When Therapeutic Language Affects The Gospel
Confronting "Brokenness" & The Victim Mindset With Christ's Active Obedience

by Matthew Adams August 8, 2025

Introduction

The active obedience of Christ is vital to a biblical and Reformed understanding of Christ’s atoning work. Christ’s active obedience emphasizes that Jesus not only died for our sins (His “passive” obedience), but also lived perfectly in our place, fulfilling the law of God on our behalf. His sinless life was not merely a prerequisite for His sacrificial death; His sinless life was itself part of the righteousness required for our salvation.

Paul says in Romans 5:19, “By the one man’s obedience the many will be made righteous.” Christ didn’t merely remove our guilt; He earned righteousness for us, which is credited to us by faith. Without His active obedience, our sins would be pardoned, but we would be left morally neutral. Yes, our sins would be forgiven, but we would still lack the righteousness required to stand before a holy God. The doctrine of justification by faith depends upon both aspects of Christ’s obedience, His active and passive obedience, where He bore the penalty for our sin on the cross, and fulfilled all righteousness in our place.

 

Christ’s Active Obedience vs Victim Mindset

This understanding of Christ’s atonement contradicts the prevalent victim mindset when it comes to our sin. A theology grounded in Christ’s obedience sees sin not as a misfortune that has happened to us, but as a willful rebellion that Christ came to undo through perfect obedience to God’s law. A victim mindset minimizes personal responsibility and frames sin as something done to us, rather than something we do against God.

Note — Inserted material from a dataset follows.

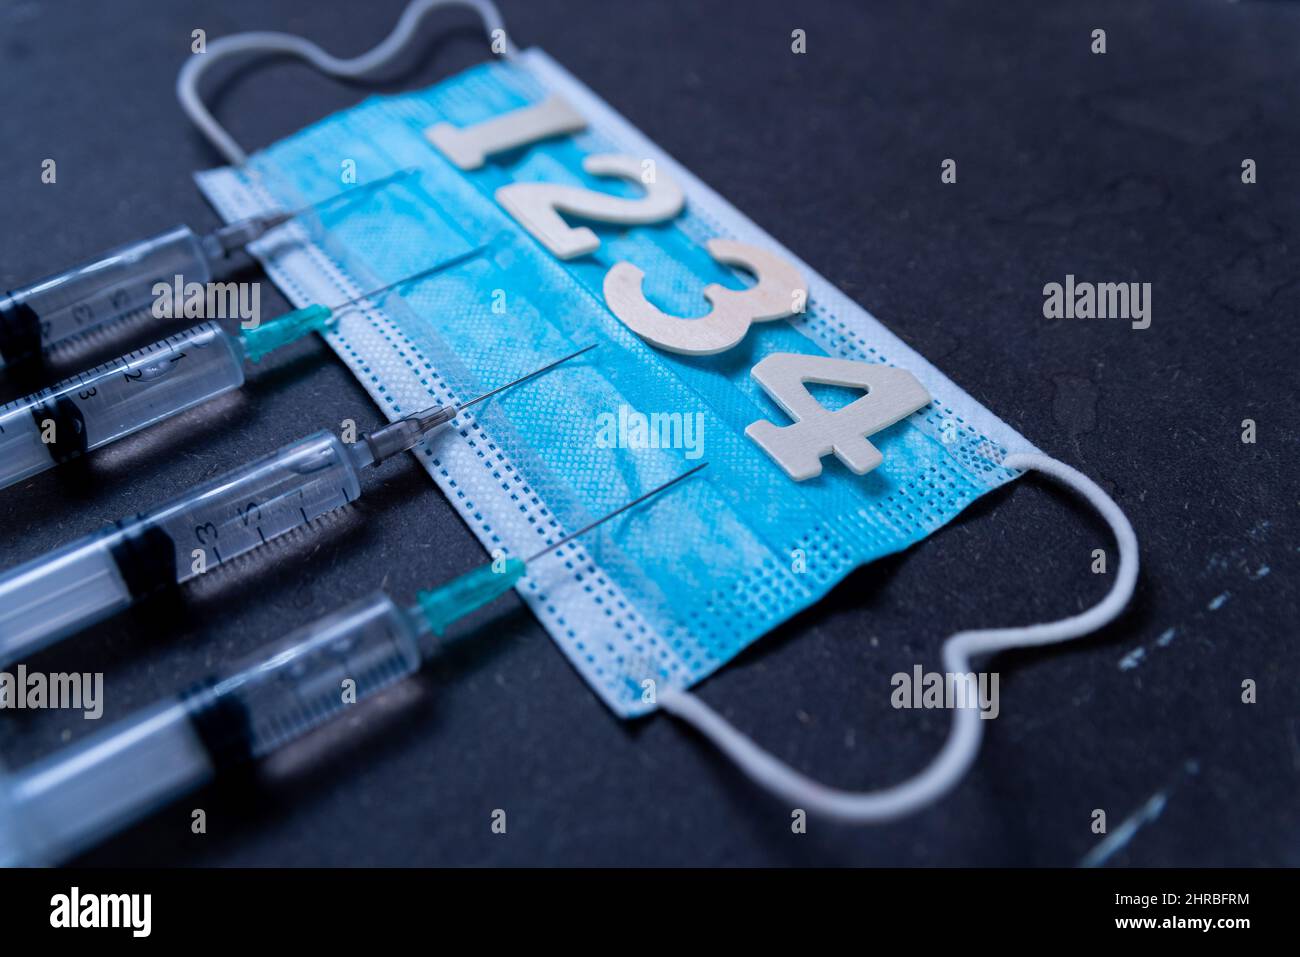 Fourth covid vaccine shot and jab concept with face mask. Four syringes are seen on table as a concept for the 4th covid-19 vaccine dose, also called Stock Photo
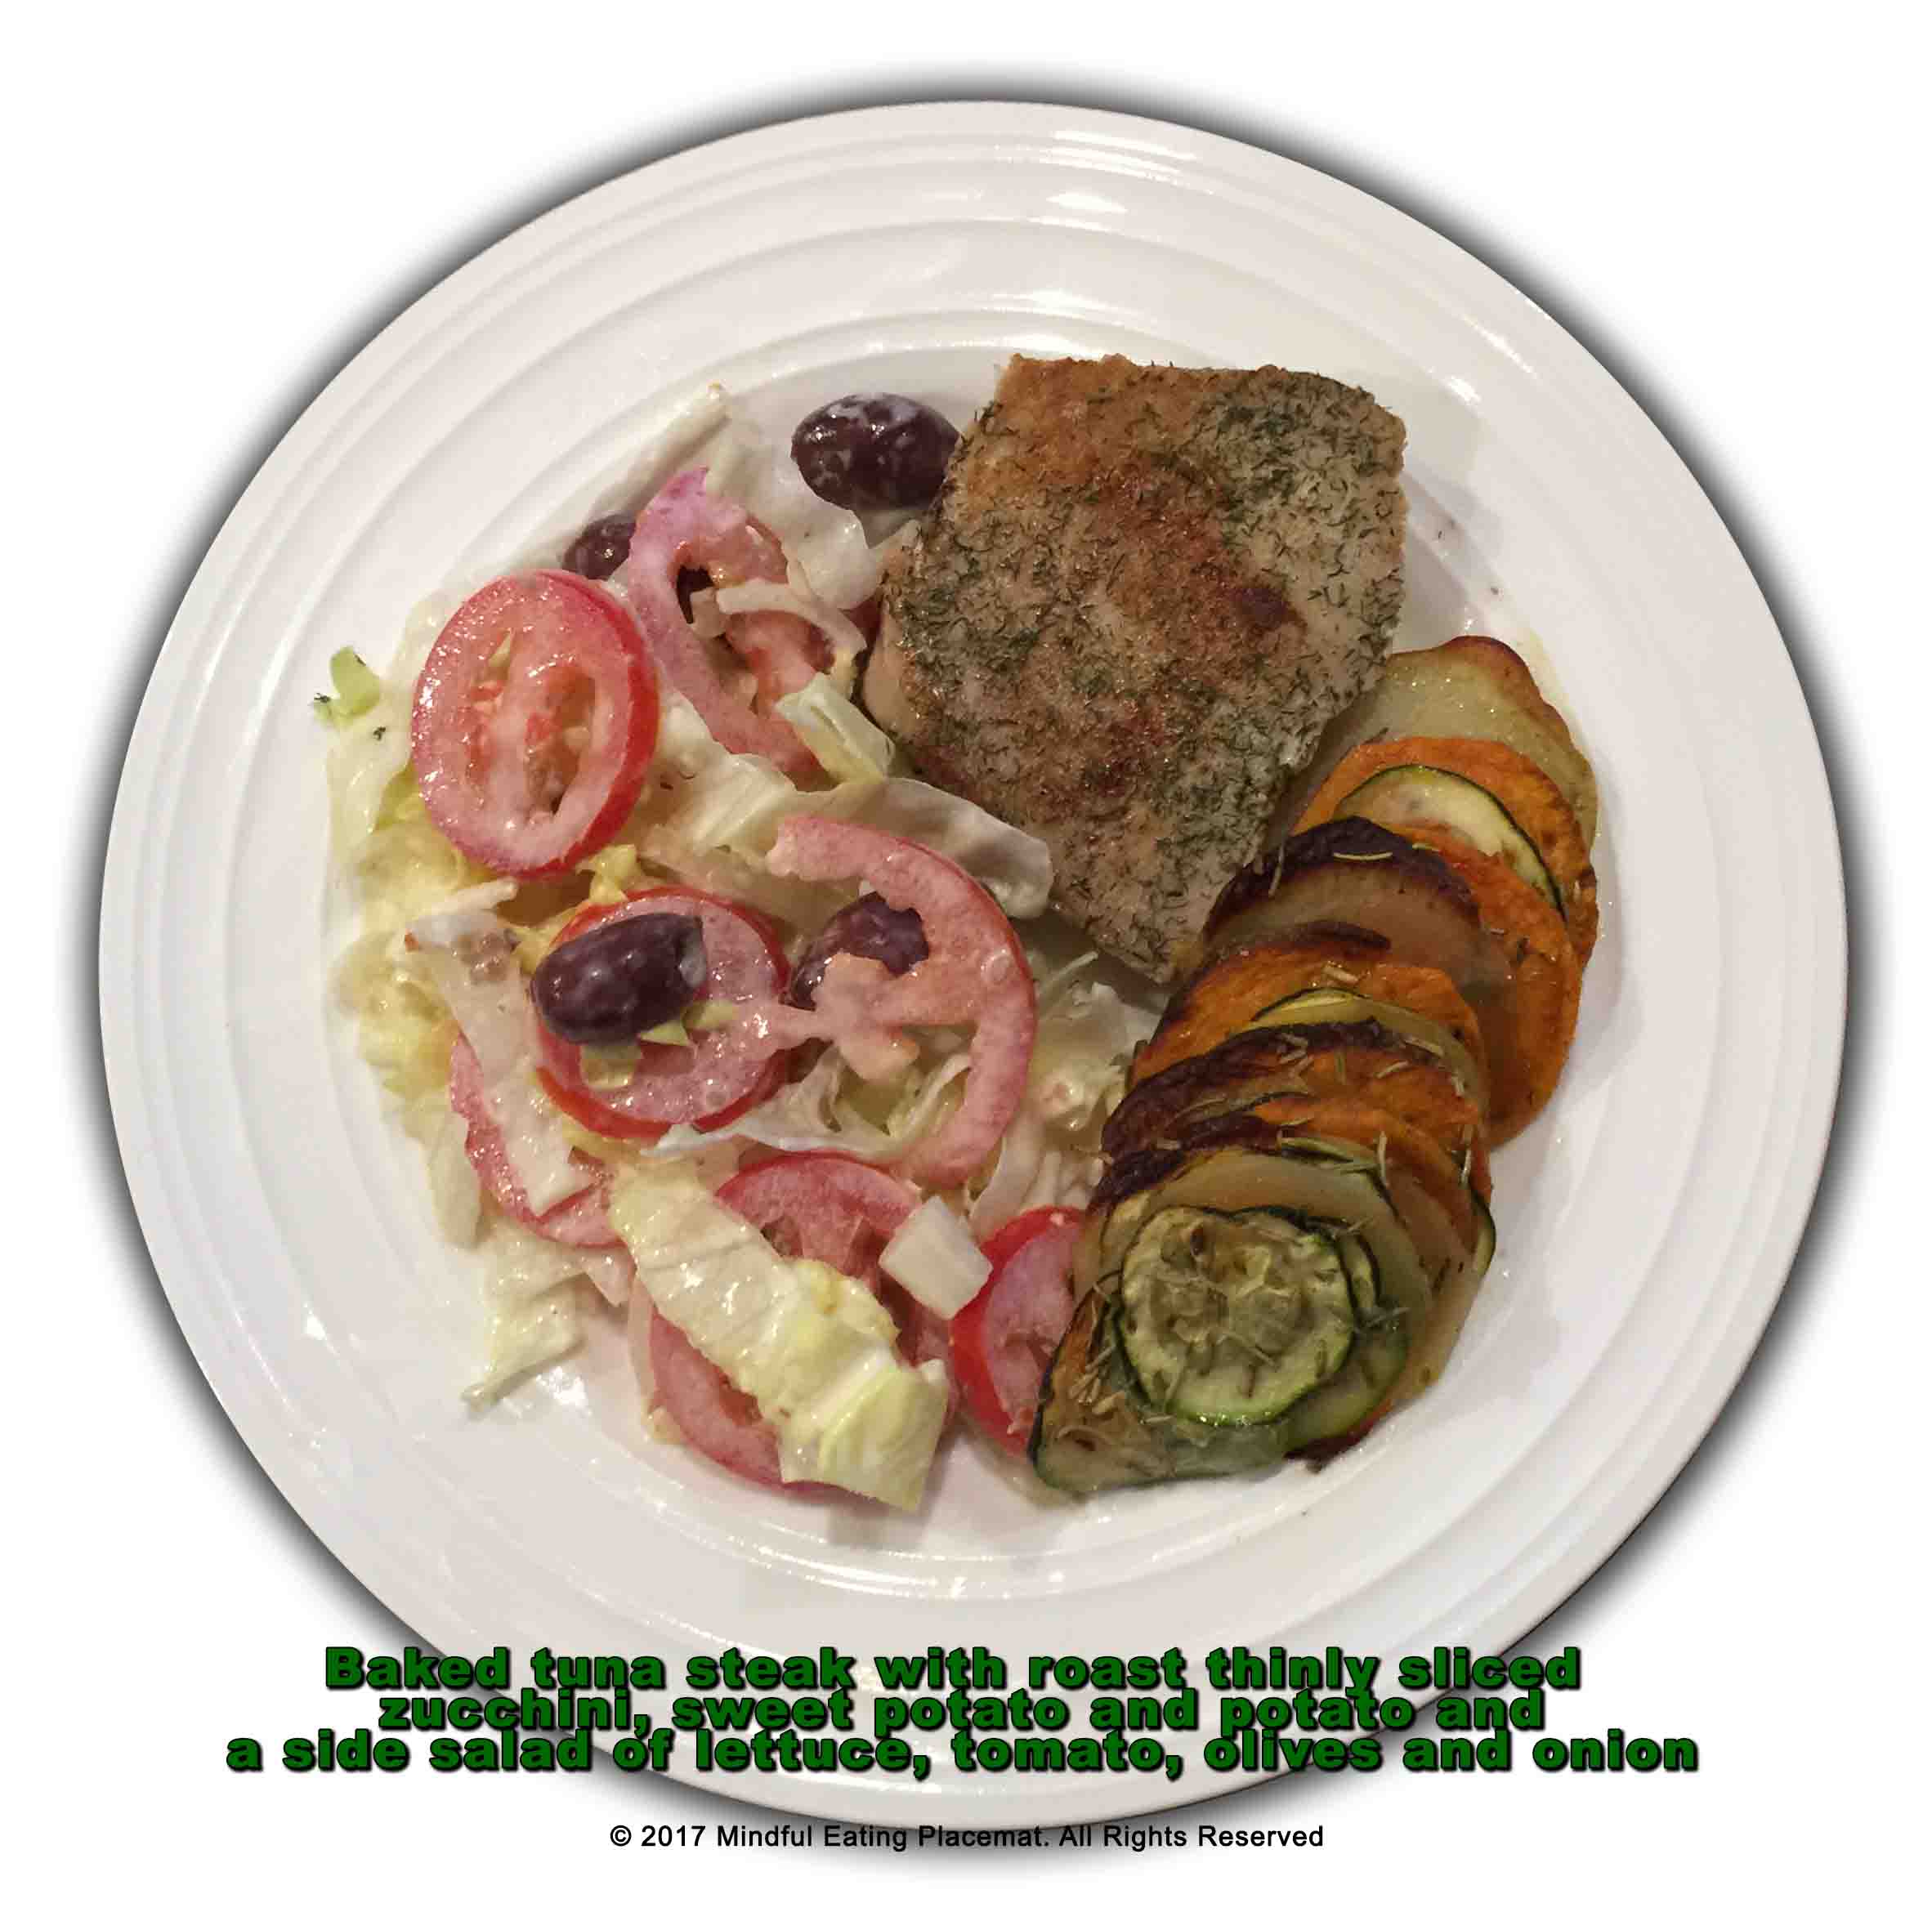 Tuna steak with thin roasted vegetables and tomato, lettuce, onion and olive salad

This victim mindset distorts the gospel. Playing victim with our sin turns Christ into a mere rescuer from hardship and suffering rather than the holy substitute who satisfies divine justice and fulfills all righteousness in our place. When we understand that Christ obeyed every command of God for us, it confronts us with the sobering reality of our disobedience and drives us to the grace of the One who obeyed in our place. Getting the active obedience of Christ right causes us not to excuse or downplay sin. Instead, we come to fully confess sin and cling to Christ with gratitude and repentance.

 

Christ’s Active Obedience vs “Brokenness”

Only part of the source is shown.